14. The method of claim 13, including a step of delaying a subsequent
printing movement of each of the plurality of full width array printheads
for about a second after each printing movement.
15. The method of claim 13, including a step of moving the sheet drive
roller over, and to a center of a printed sheet, and driving the printed
sheet therewith into an output tray.
Description
BACKGROUND OF THE INVENTION
This invention relates to liquid ink printing, and is more particularly
concerned with a multicolor liquid ink printer for producing unmottled,
high quality multicolor liquid ink images on plain paper.
In existing thermal ink jet printing, the printhead typically comprises one
or more ink ejectors, such as disclosed in U.S. Pat. No. 4,463,359, each
ejector including a channel communicating with an ink supply chamber, or
manifold, at one end and having an opening at the opposite end, referred
to as a nozzle. A thermal energy generator, usually a resistor, is located
in each of the channels, a predetermined distance from the nozzles. The
resistors are individually addressed with a current pulse to momentarily
vaporize the ink and form a bubble which expels an ink droplet.
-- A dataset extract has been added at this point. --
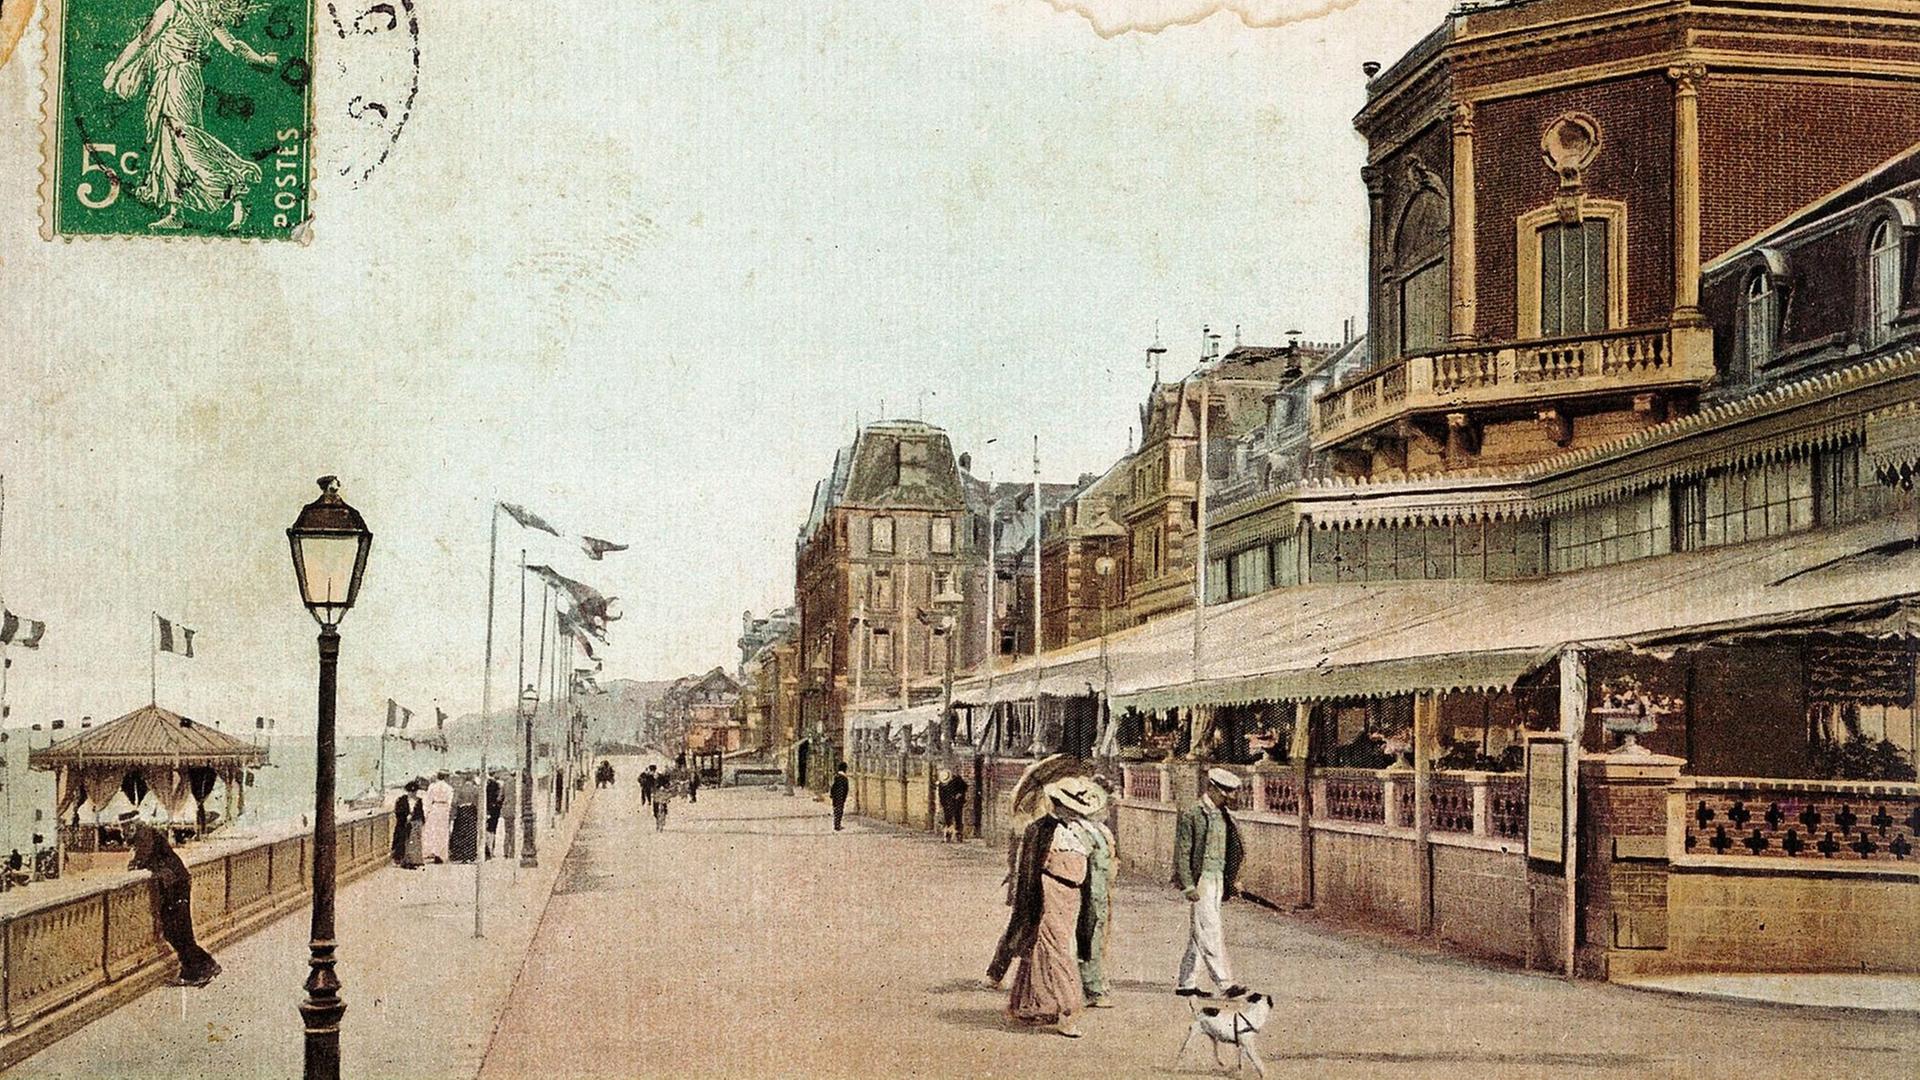 Alte Postkarte mit einer Abbildung der Promenade in Cabourg

As the
bubble grows, the ink rapidly bulges from the nozzle and is momentarily
contained by the surface tension of the ink as a meniscus. As the bubble
begins to collapse, the ink still in the channel between the nozzle and
bubble starts to move towards the collapsing bubble, causing a volumetric
contraction of the ink at the nozzle and resulting in the separation of
the bulging ink as a droplet.
The acceleration of the ink out of the nozzle while the bubble is growing
provides the momentum and velocity of the droplet in a substantially
straight line direction towards a print sheet, such as a sheet of paper.
Because the droplet of ink is emitted only when the resistor is actuated,
this type of thermal ink-jet printing is known as "drop-on-demand"
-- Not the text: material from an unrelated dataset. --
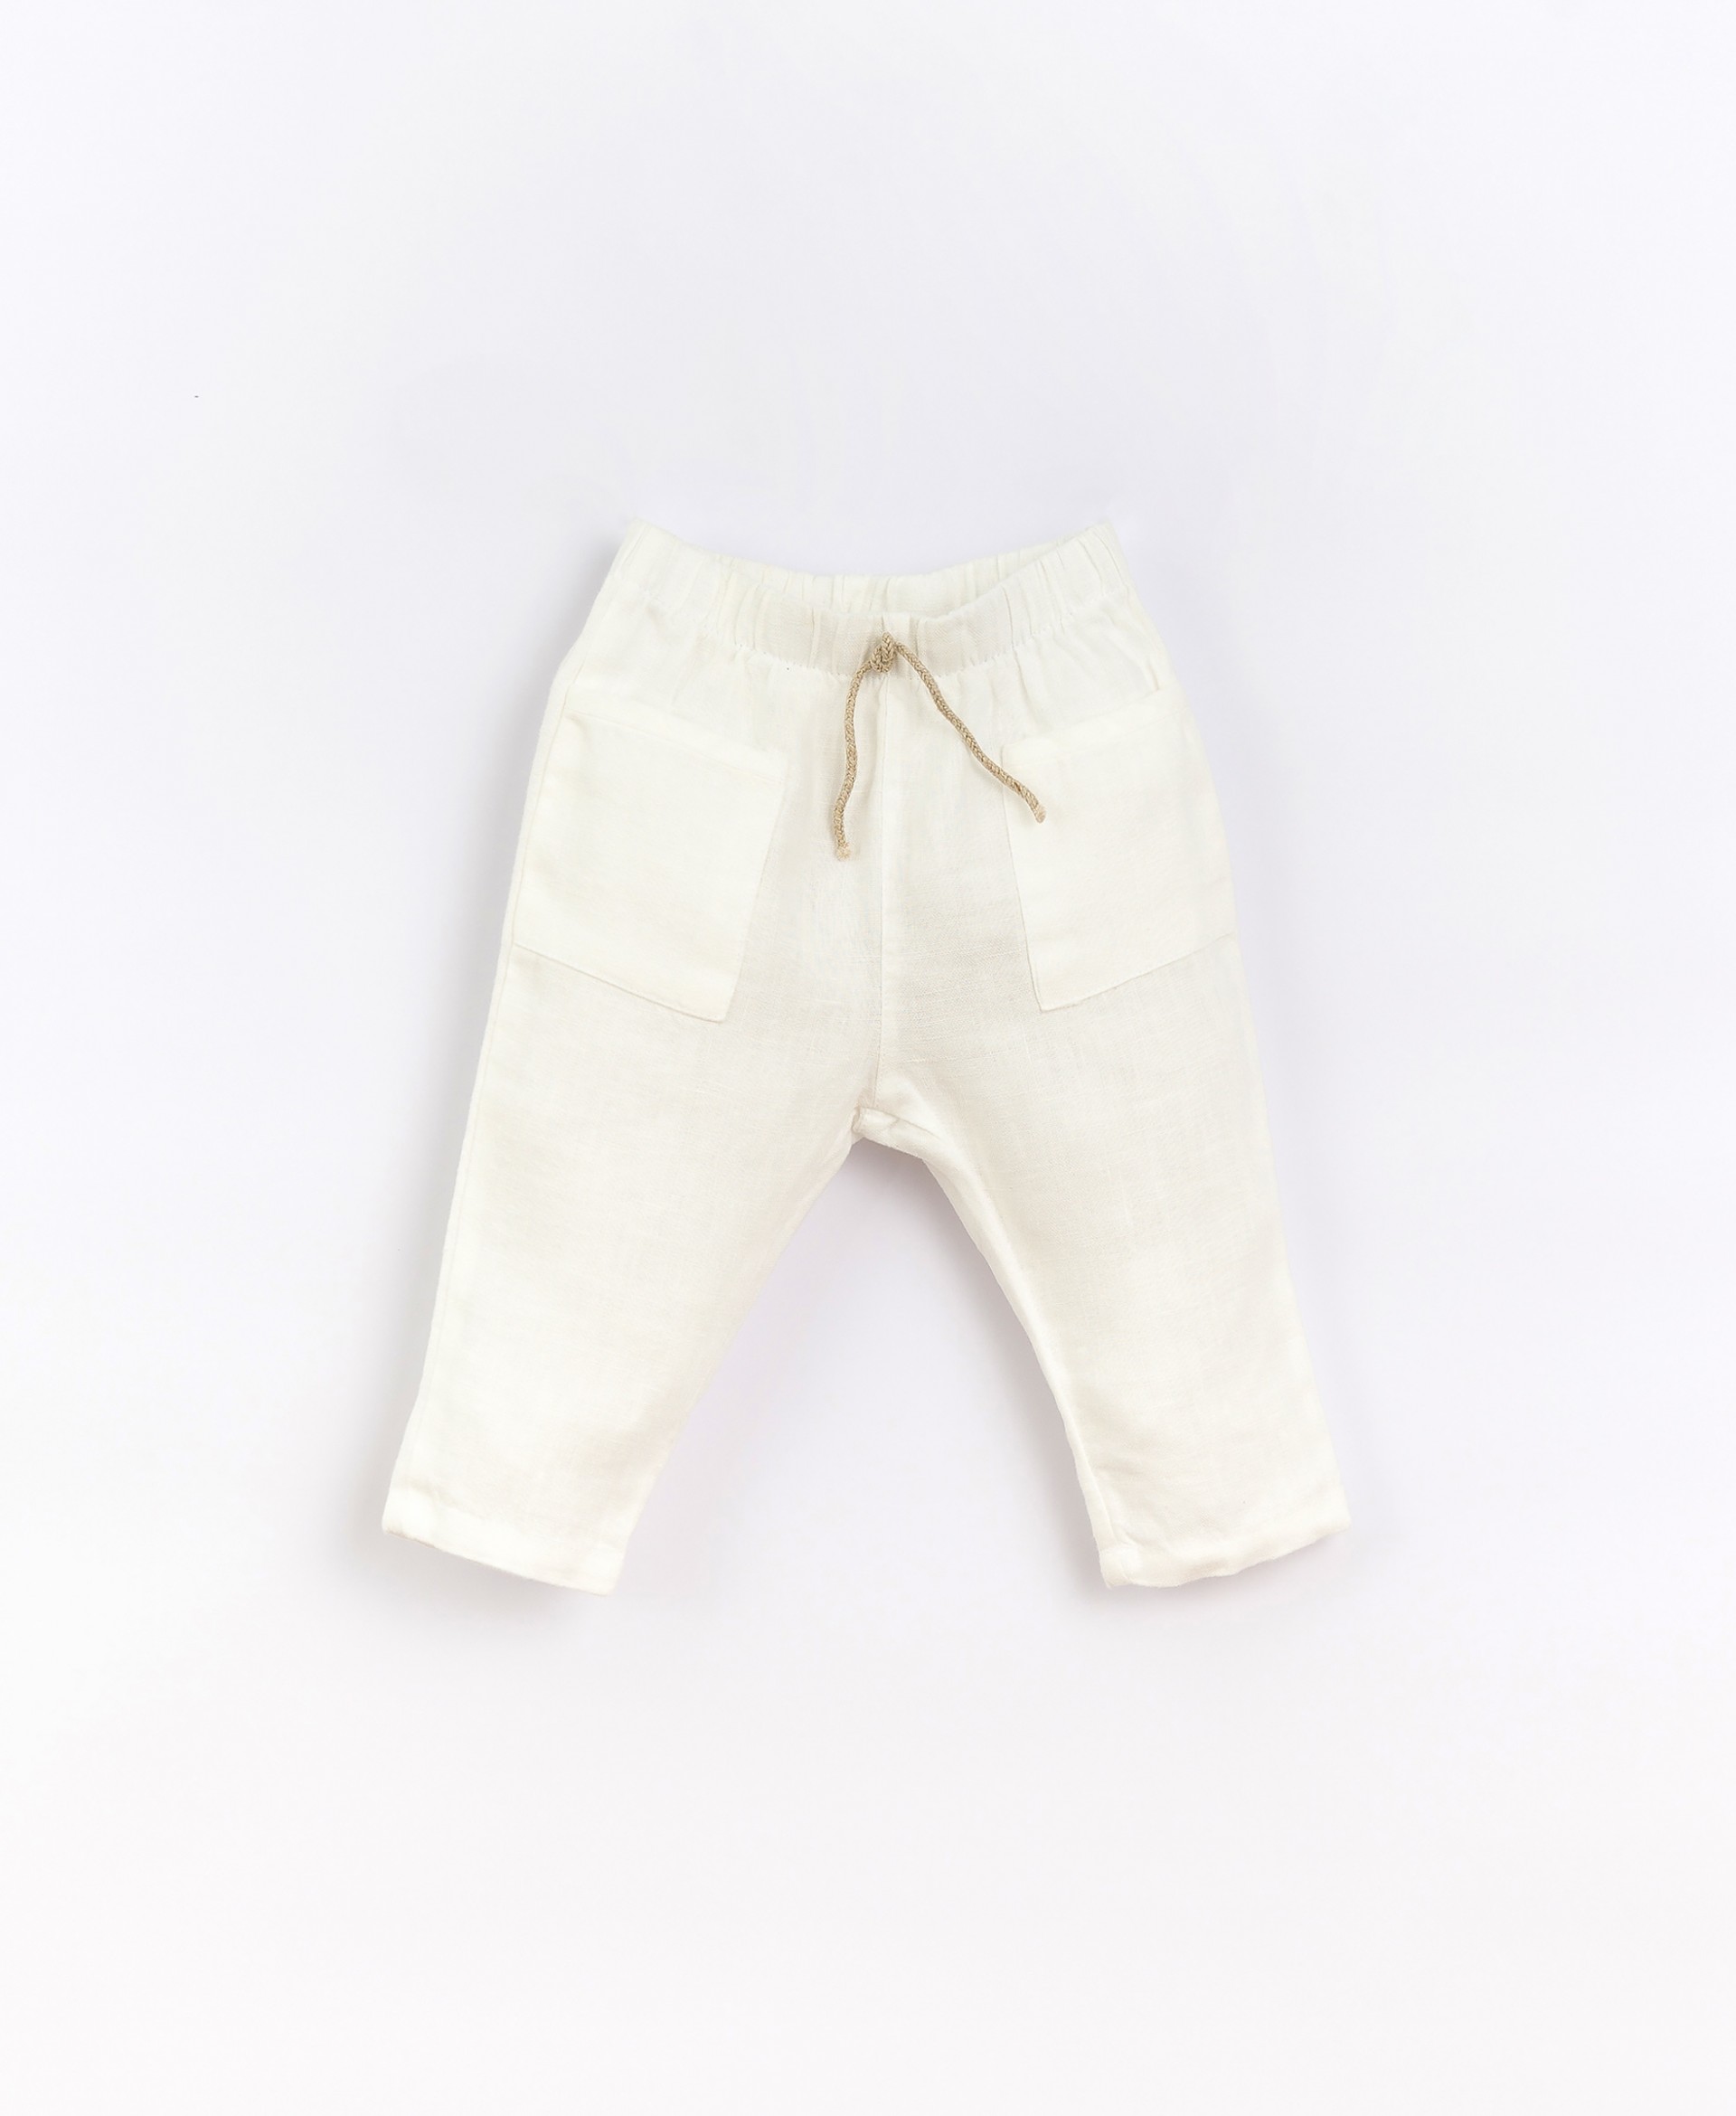  Pantalones de lino con cinturón elástico | Basketry

printing. Other types of ink-jet printing, such as piezoelectric,
continuous-stream, or acoustic, are also known, and are also applicable to
the present invention.
In a single-color ink jet printing apparatus, the printhead typically
comprises a linear array of ejectors, and the printhead is moved relative
to the surface of the print sheet, either by moving the print sheet
relative to a stationary printhead, or vice-versa, or both. In some types
of apparatus, a relatively small printhead moves across a print sheet
numerous times in swaths, much like a typewriter; alternatively, a
printhead which consists of an array of ejectors and extends the full
width of the print sheet may be passed once down the print sheet to give
full-page images, in what is known as a "full-width array" (FWA) printer.
When the printhead and the print sheet are moved relative to each other,
imagewise digital data is used to selectively activate the thermal energy
generators in the printhead over time so that the desired image will be
created on the print sheet.
With ink-jet printing, it is also possible to create multicolor images on a
print sheet. This type of printing may be used for full-color images, such
as to reproduce a color photograph, or can be employed for "highlight"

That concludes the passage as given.